🤖 AI Summary
This work addresses the performance degradation in low Earth orbit (LEO) satellite communications caused by residual Doppler-induced frequency offsets, which introduce structured channel uncertainty and limit achievable rates. The authors model the Doppler-OFDM channel as a MIMO block-fading process parameterized by an unknown scalar, and propose an implicit pilot superimposed coding scheme that integrates subspace alignment with successive interference cancellation. Under near-coherent and high-SNR conditions, this approach closely approaches the channel capacity. By formulating and solving a dual problem, they derive a tight capacity upper bound and demonstrate that the proposed method achieves near-optimal transmission performance with low computational complexity.
📝 Abstract
Low Earth orbit (LEO) satellite systems experience significant Doppler effects due to high mobility. While Doppler shifts can be largely compensated, residual frequency uncertainty induces a structured form of channel uncertainty that can limit achievable rates. We model this effect using a block-fading channel of the form $ \mathbf{H} = \mathbf{F} + s \mathbf{G} $, where $s$ is an unknown scalar random parameter. We first study this model in a general $N\times N$ MIMO setting. For this channel, we derive achievable rate lower bounds based on explicit transmission schemes and capacity upper bounds using a duality approach.
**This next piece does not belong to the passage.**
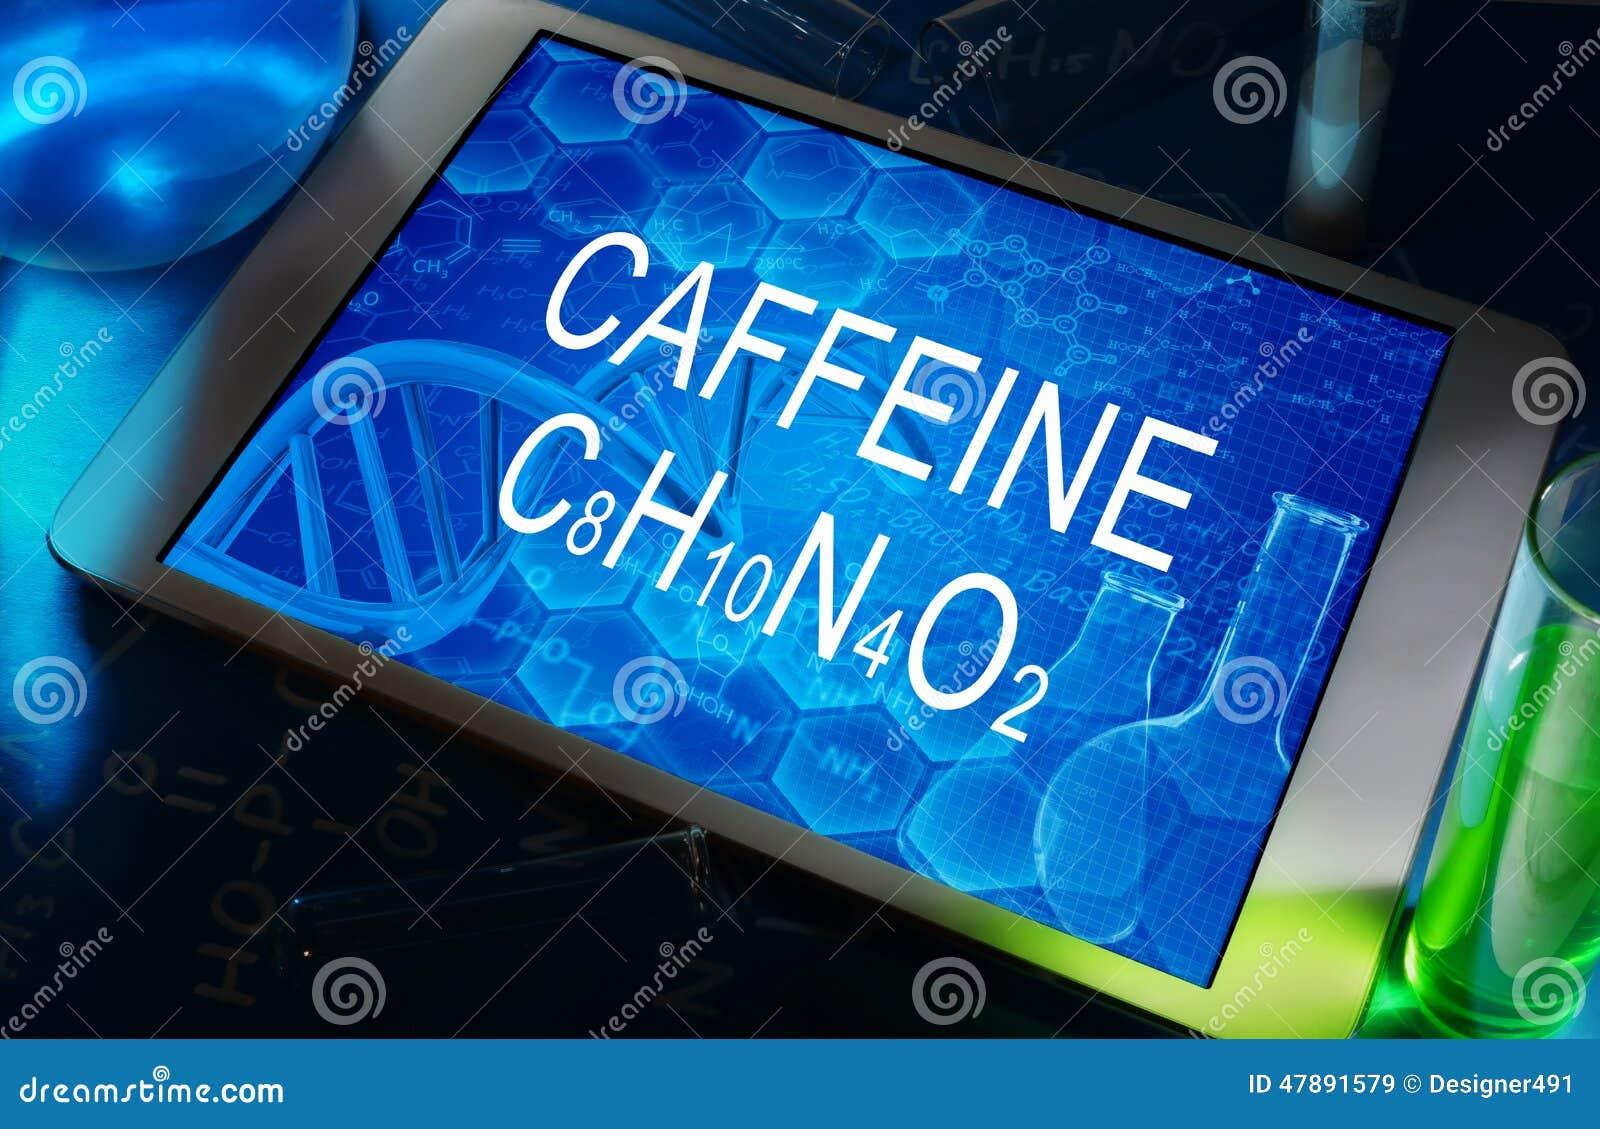 咖啡因化学式

We study Gaussian signaling and propose a practical superposition scheme with subspace alignment (SN) and successive interference cancellation, where a coarse-layer stream serves as an implicit pilot for decoding refined-layer data. We characterize asymptotic capacity in the near-coherent and high-SNR regimes, and show via Doppler-OFDM simulations that the proposed SN scheme achieves near-optimal rates with low complexity.